Work task » Give again, exactly and only, the lines running from the one with "1/10 Scale Wheel" to the end of the material below; leave out pictures.

Source data »
◆ ◆ ◆ ◆
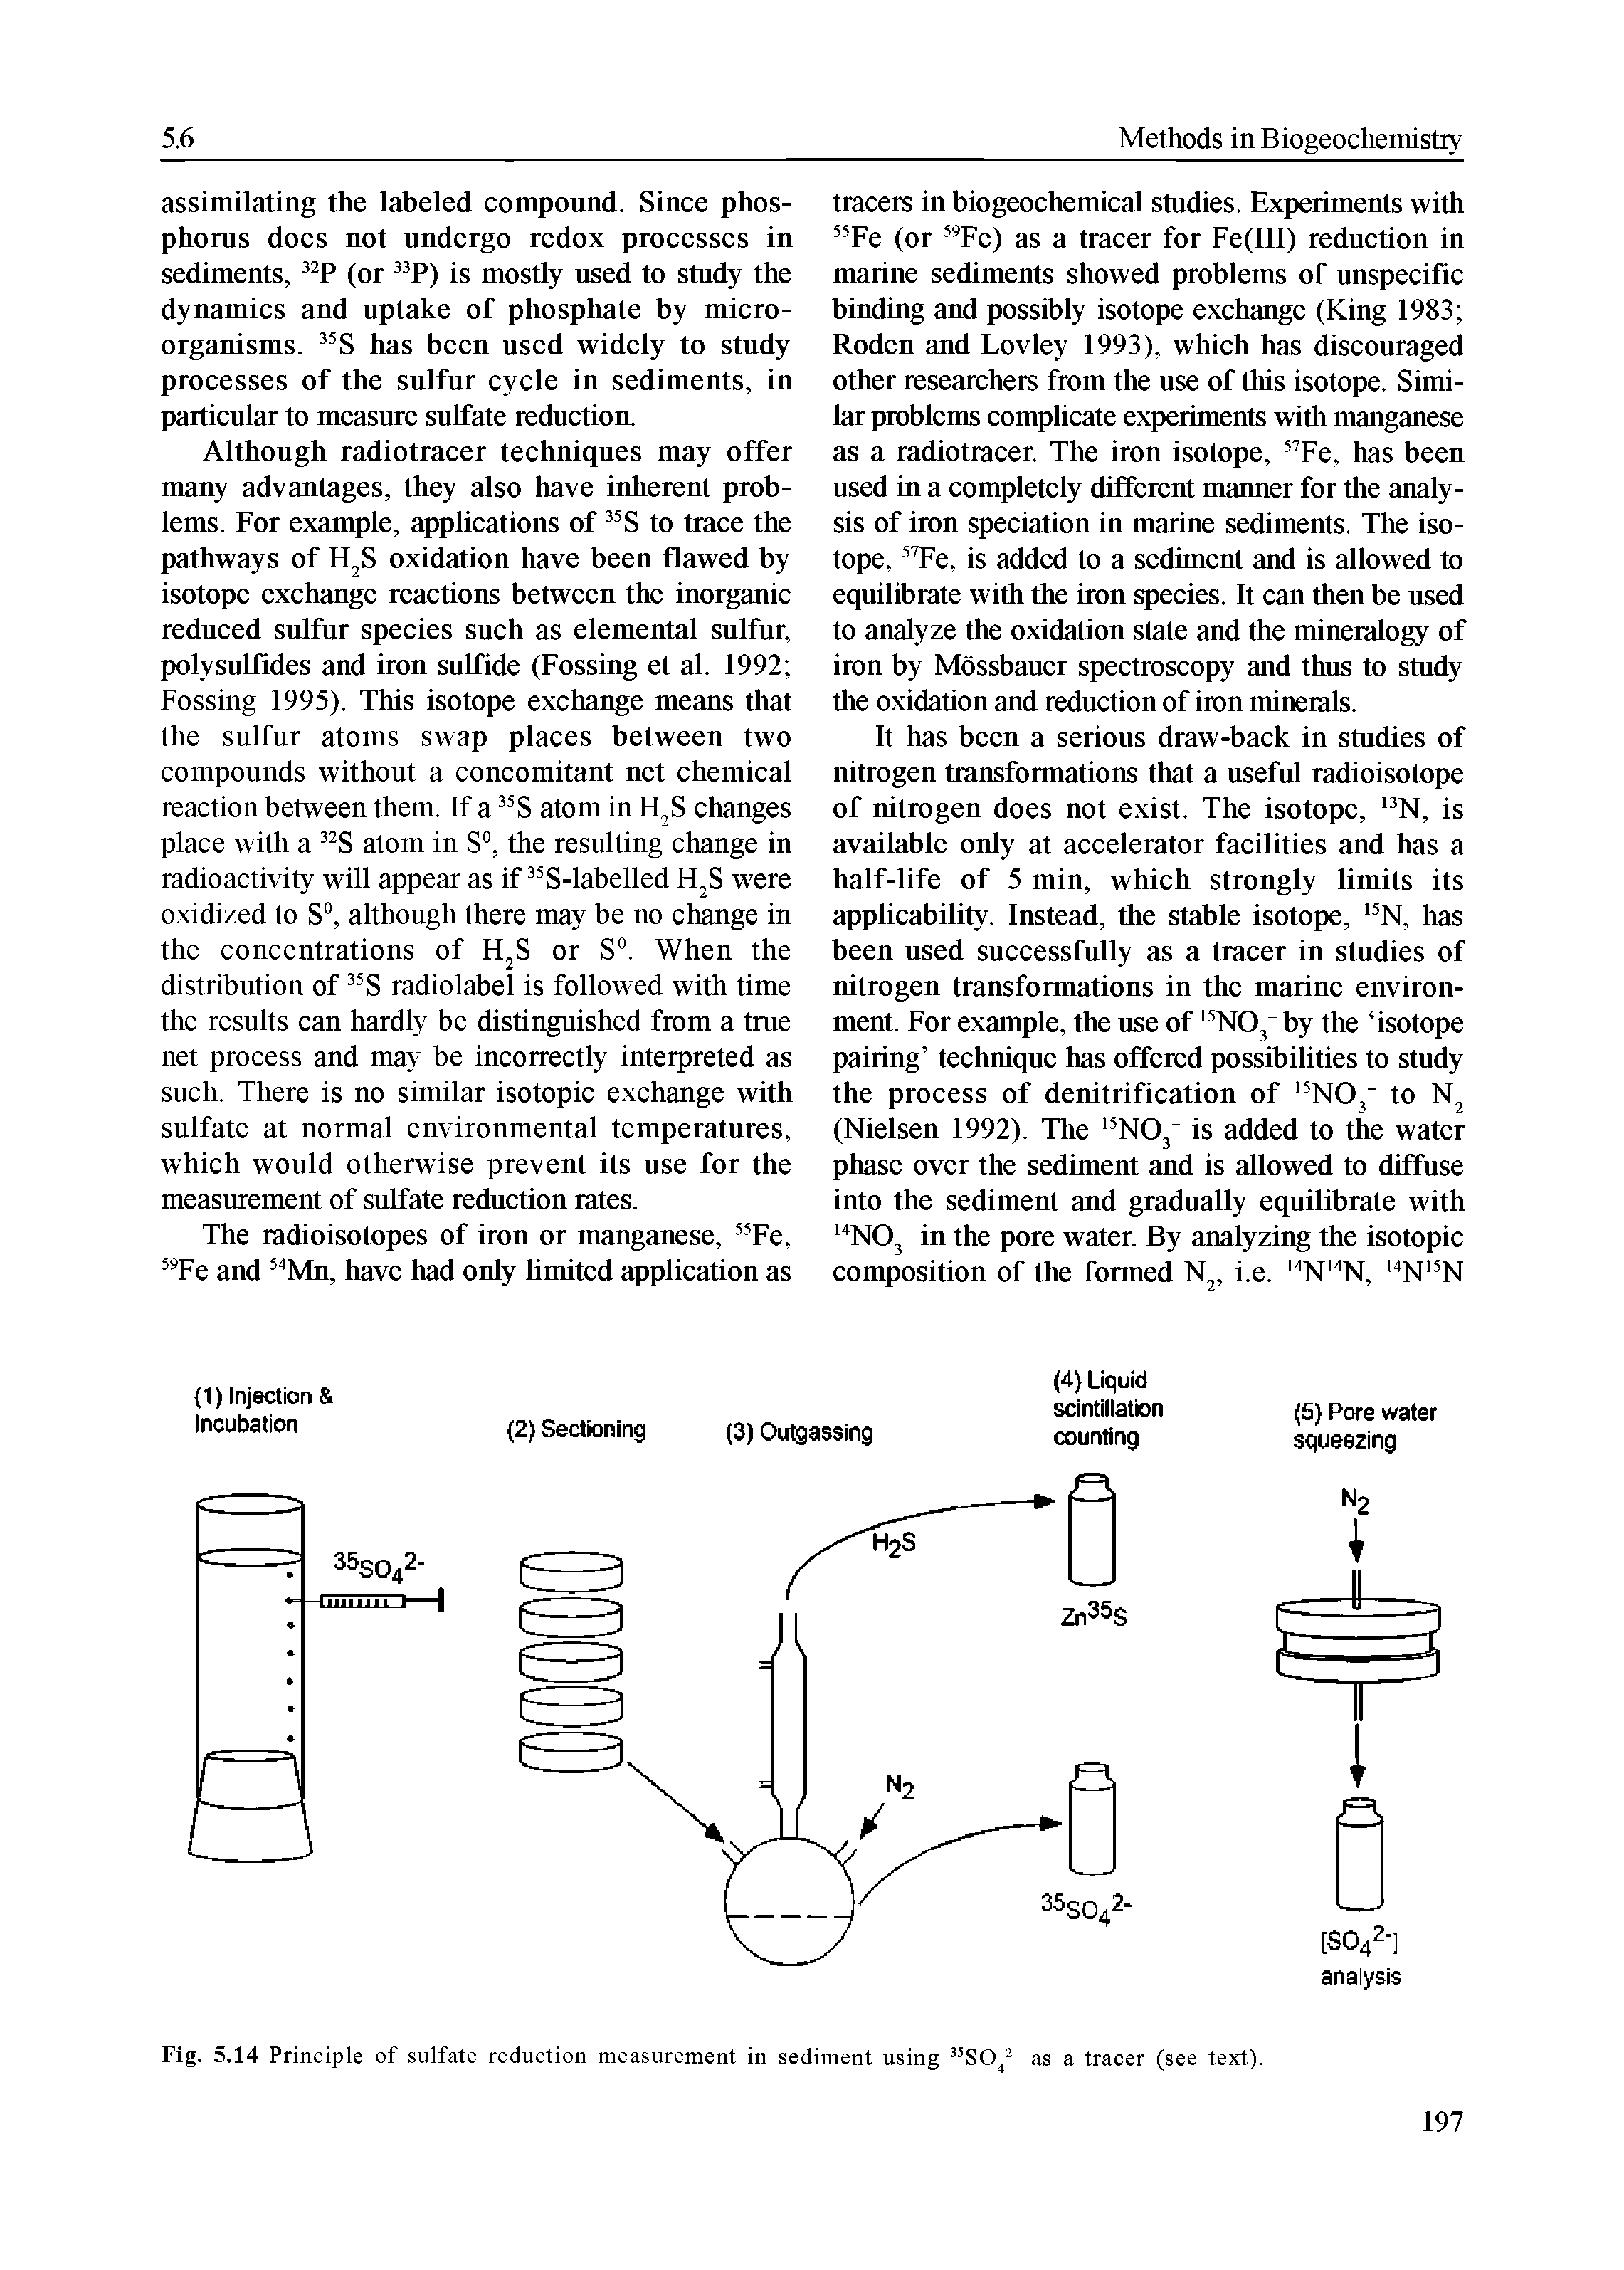 Fig. 5.14 Principle of sulfate reduction measurement in sediment using as a tracer (see text).
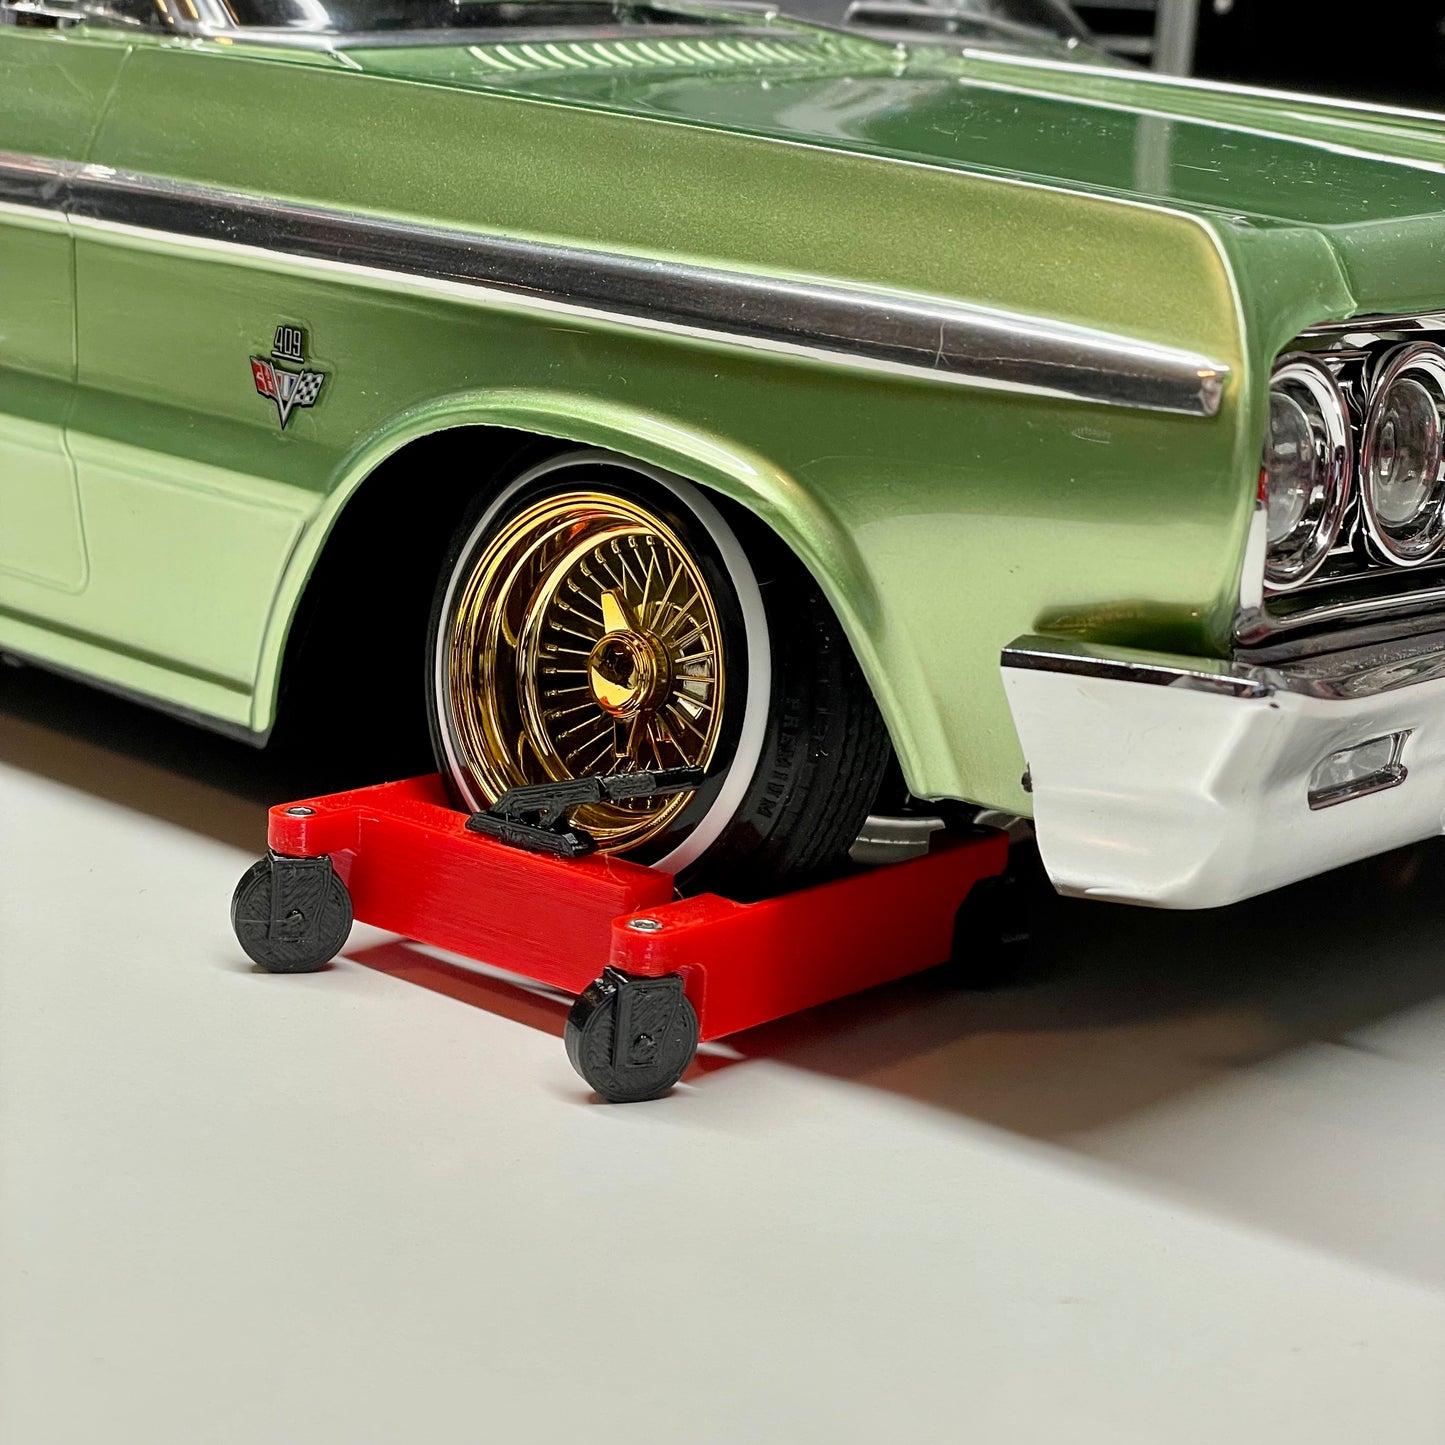 1/10 Scale Wheel Dolly (Set of 4), Adjustable for Most 1/10 Scale Vehicles Scale Garage Diorama
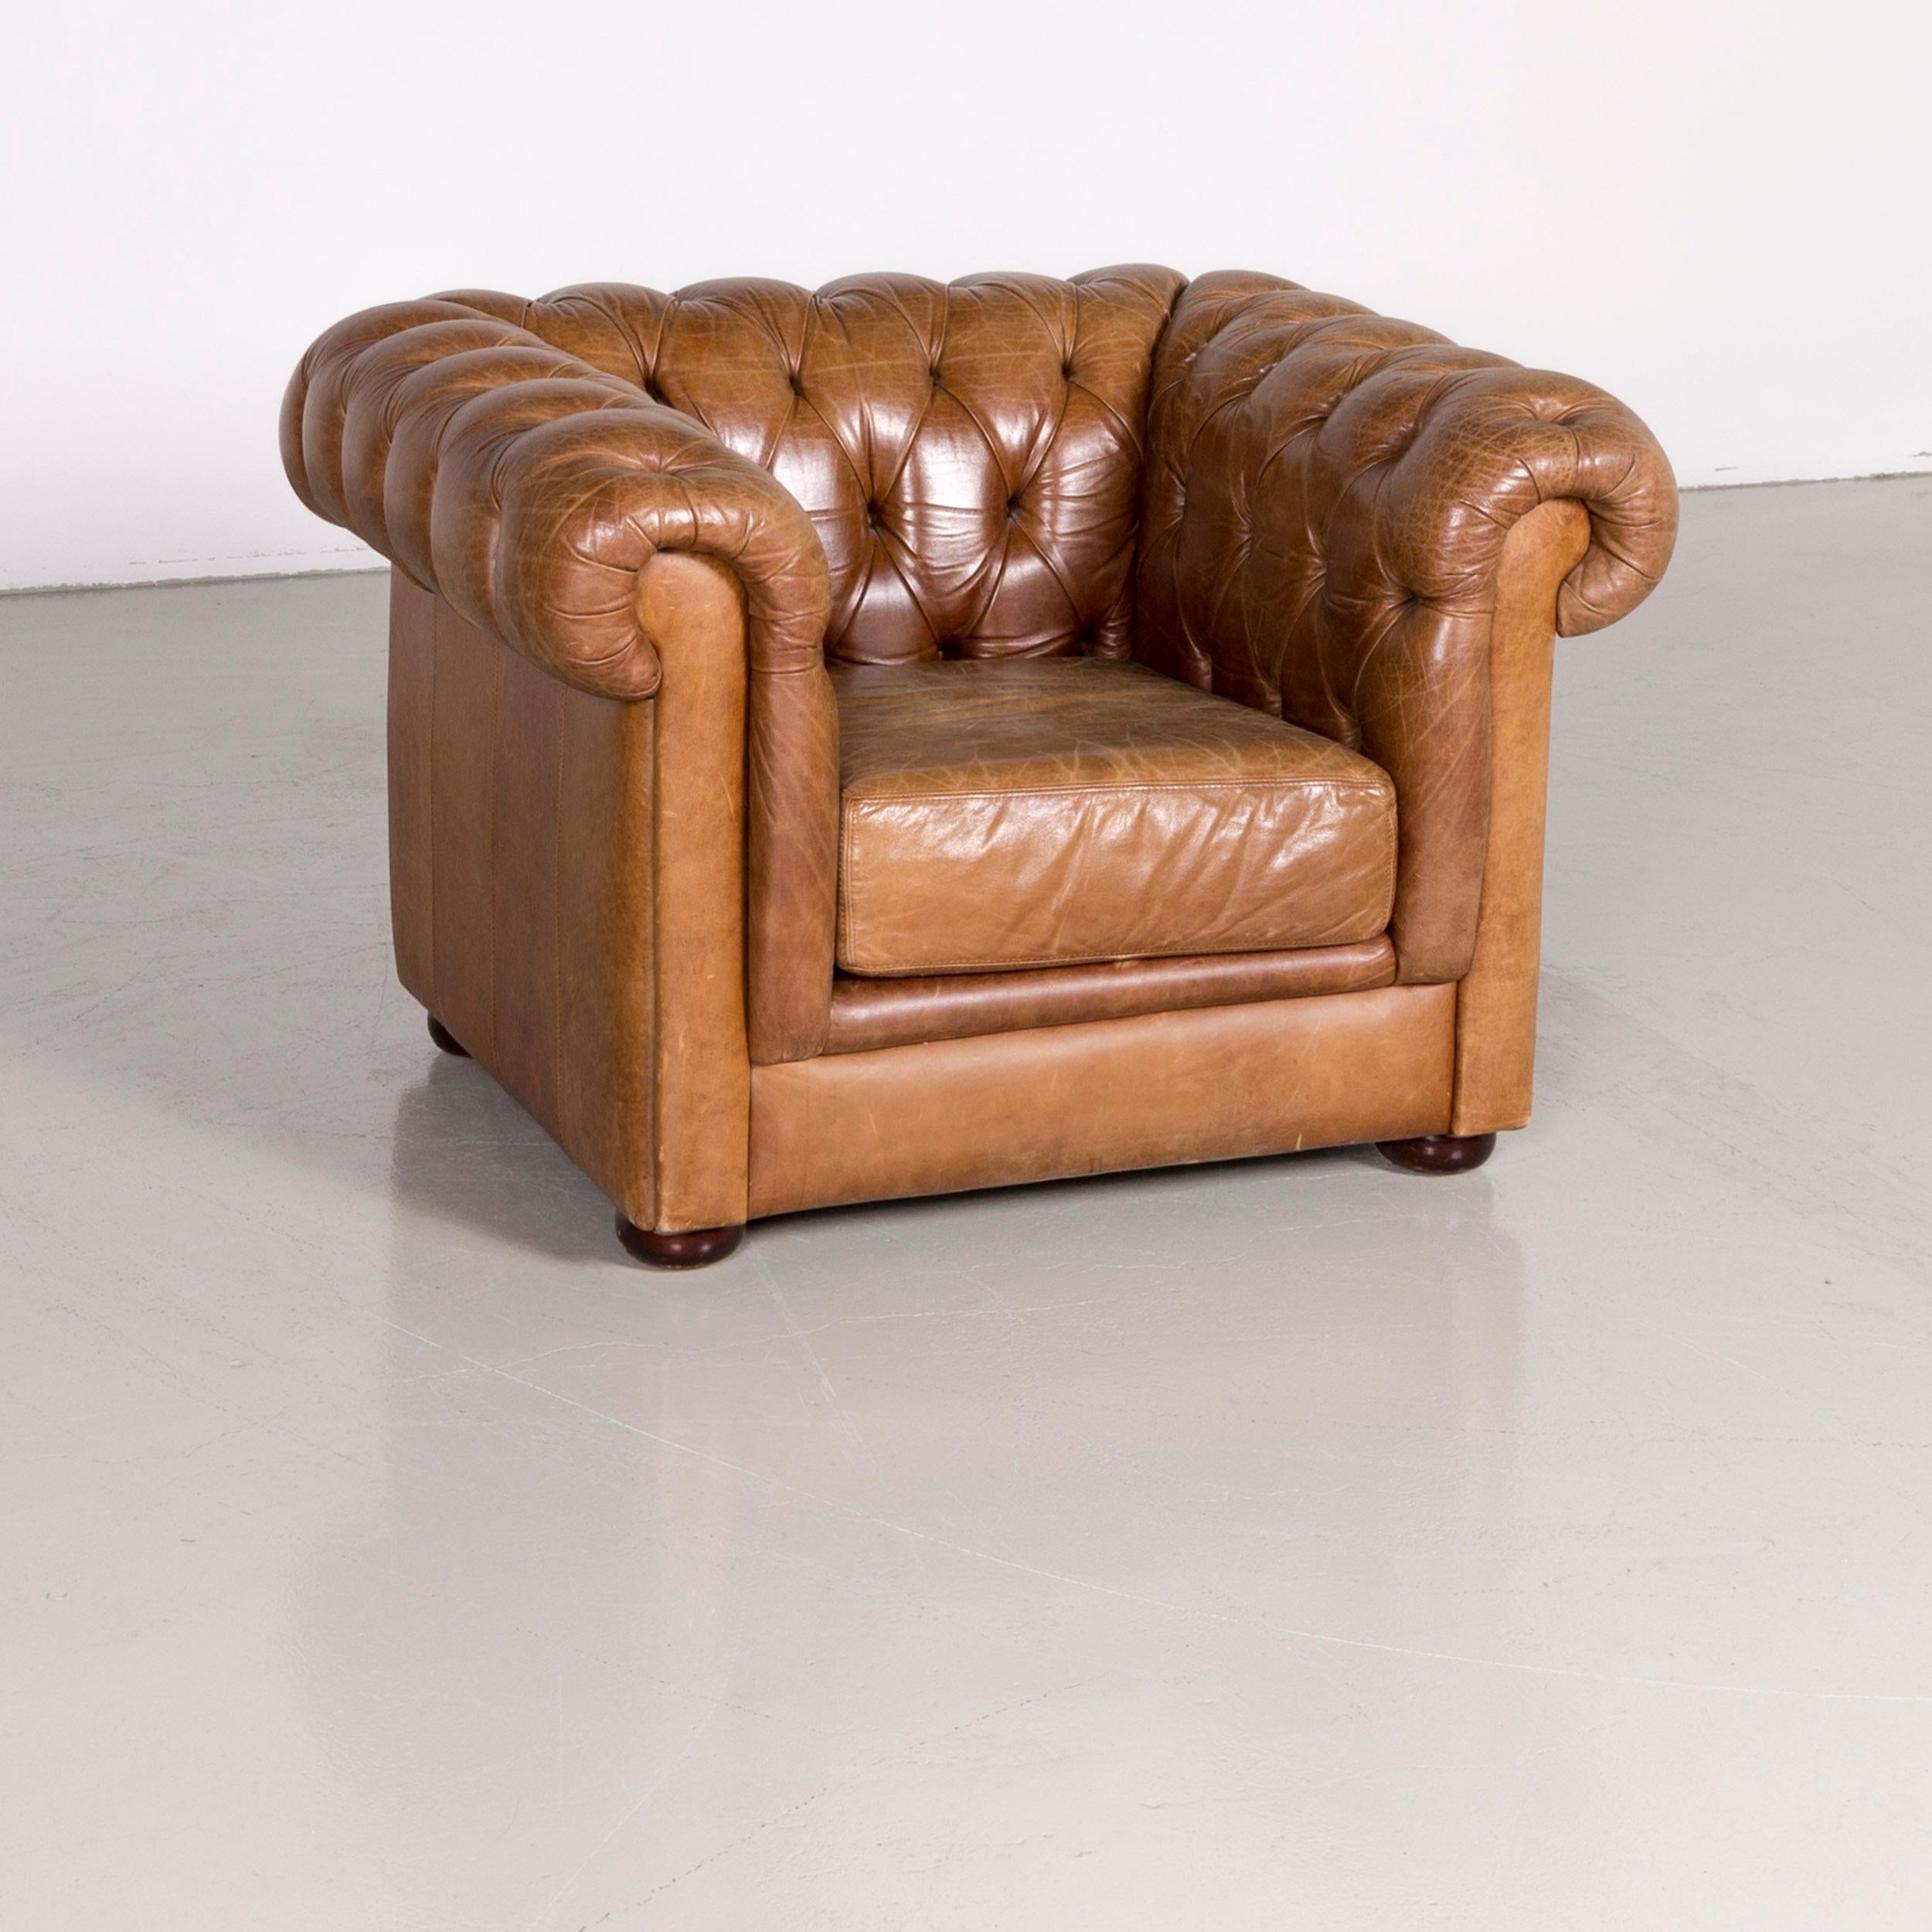 We bring to you a Chesterfield leather armchair brown red vintage.
◆ ◆ ◆ ◆
Completed task »
 1/10 Scale Wheel Dolly (Set of 4), Adjustable for Most 1/10 Scale Vehicles Scale Garage Diorama
 We bring to you a Chesterfield leather armchair brown red vintage.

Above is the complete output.